Rats. Male Lister hooded rats (Harlan Sera-Lab, Crawley Down, Sussex, UK) (300 g at the start of the study) were housed two per cage and maintained in a humidity- (50-55%) and temperature- (22-24°C) controlled facility on a 12-h light/dark cycle (lights on at 6:30 AM). Food was restricted to that earned during the test [maximum of 100 × 45 mg Formula 1 pellets (P. J. Noyes Co. Inc., Lancaster, NH)] and 12 g of standard rodent chow (Harlan-Teklad 4% rat diet 7001), which was given a minimum of 1 h post-testing. This food restriction regimen maintained their body weight at an average of 350 g (i.e., 80% of normal body weight). Except for during testing, water was available ad libitum. All testing was conducted during the light cycle. Only rats that have reached consistent baseline performance (see below) before and between testing were used. All procedures were performed in accordance with the National Institutes of Health Guide for the Care and Use of Laboratory Animals and were approved by the Institutional Animal Care and Use Committee.

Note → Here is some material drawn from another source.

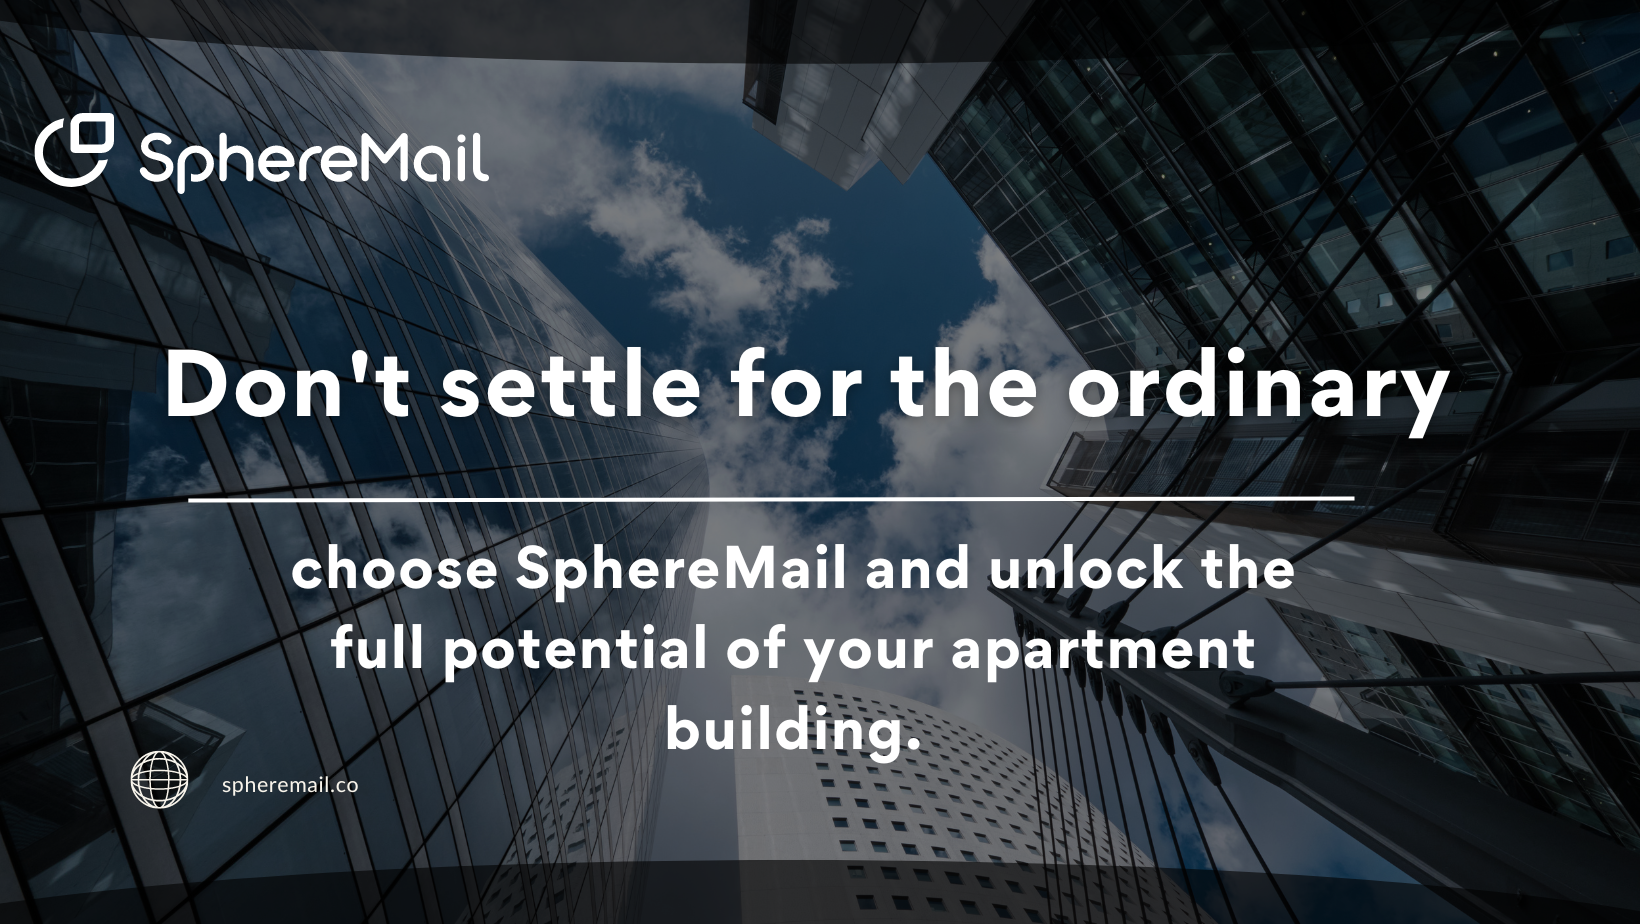 spheremail.co (2)
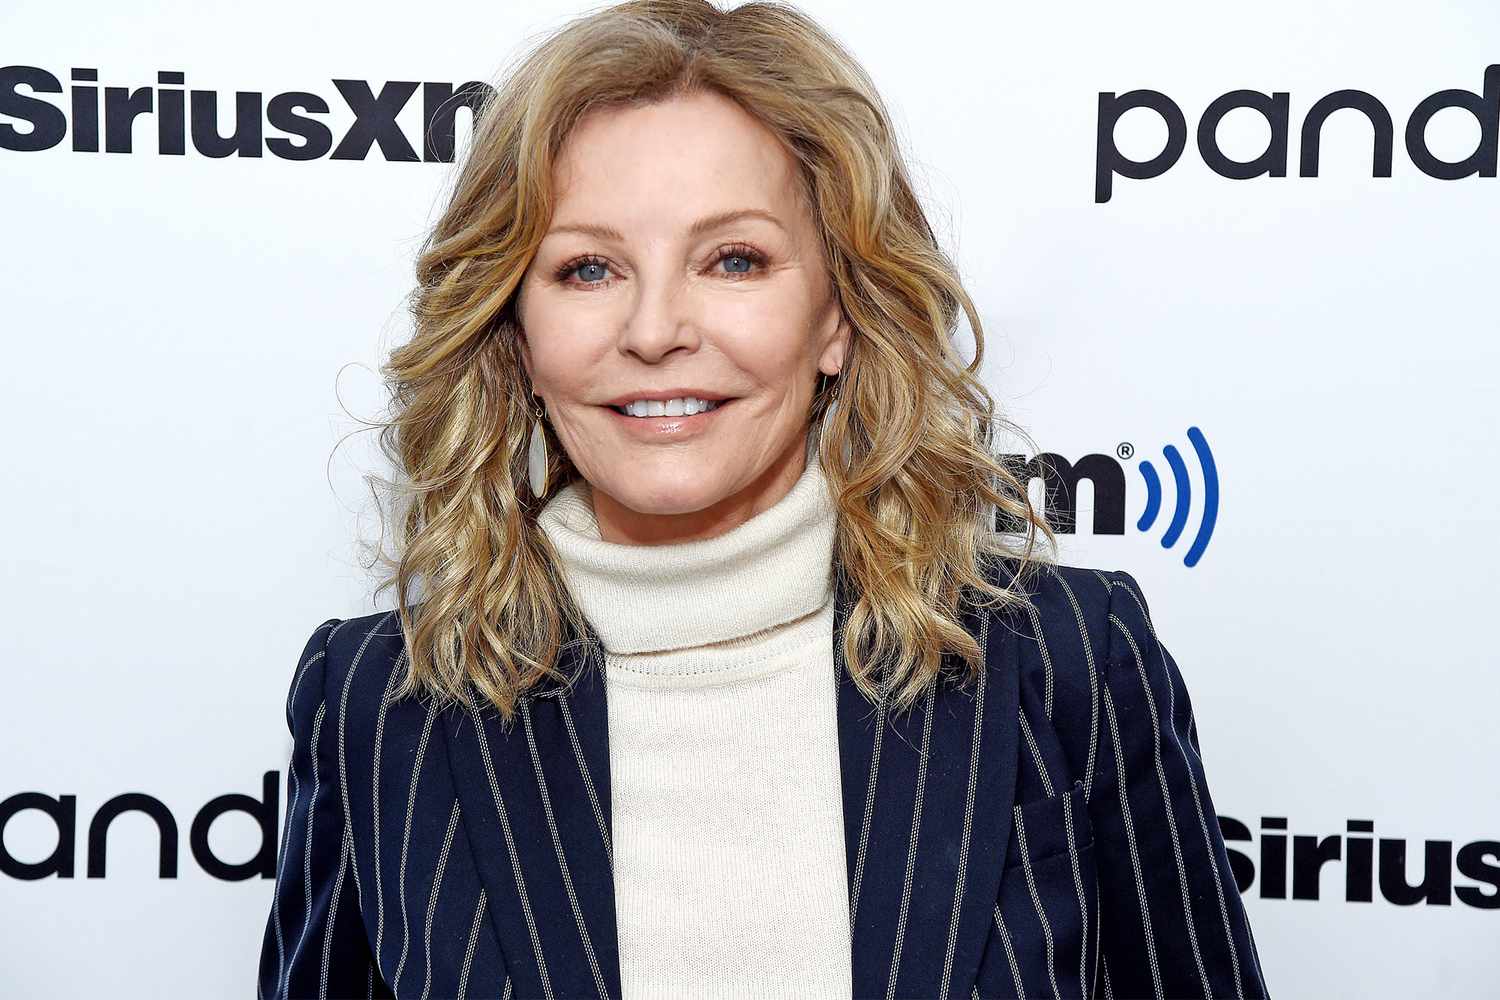 NEW YORK, NEW YORK - MARCH 11: (EXCLUSIVE COVERAGE) Cheryl Ladd visits SiriusXM at SiriusXM Studios on March 11, 2020 in New York City. (Photo by Jamie McCarthy/Getty Images)

Monkeys. Five adult pigtail macaques (Macaca nemestrina, one female and four male), originally colony-reared at the Washington Regional Primate Center (Seattle, WA), served as subjects. The gender, weight, age, and testing parameters (delays) used for the behavioral tests appear in Table 1. The subjects were individually housed at the Animal Behavior Center of the Medical College of Georgia in stainless steel cages composed of multiple 50- × 28- × 26-in. units. Toys and foraging tubes were provided routinely and monkeys were allowed to observe television programs each afternoon after testing to promote psychological well-being. During a test week, monkeys were maintained on a feeding schedule that allowed approximately 15% of their normal daily food intake to be derived from banana-flavored reinforcement pellets awarded for correct responses during testing. Testing was conducted 5 days/week. Standard laboratory monkey chow, fresh fruits, and vegetables comprised the remainder of their daily food intake, which was given after completion of testing each day. Water was available ad libitum. All procedures used during this study were reviewed and approved by the Medical College of Georgia Institutional Animal Care and Use Committee and are consistent with Association for Assessment and Accreditation of Laboratory Animal Care guidelines.

Behavioral Procedures

Choice Serial Reaction Time Task Procedure in Rats. Apparatus. The SRTT was performed in automated nine-hole operant chambers (Paul Fray Ltd., Cambridge, UK) housed in sound-insulated and ventilated enclosures. In brief, each SRTT apparatus contained a food magazine on one wall, and on the opposite wall five square niches (i.e., nose-poke holes) (2.5-cm-wide square, 4 cm in depth) arranged on a curved panel and raised 2 cm above a grid the floor. All apertures in the chamber, including the food magazine, were controlled by a photocell monitoring the entrance. Each hole could be illuminated by a 2.8-W lamp located at the rear of the hole. Each animal had to poke its nose in one of the holes when it was illuminated then turn around and go to the food magazine to collect a food pellet as a reward. The rat collected the food pellets by pushing a Perspex panel that covered the food magazine.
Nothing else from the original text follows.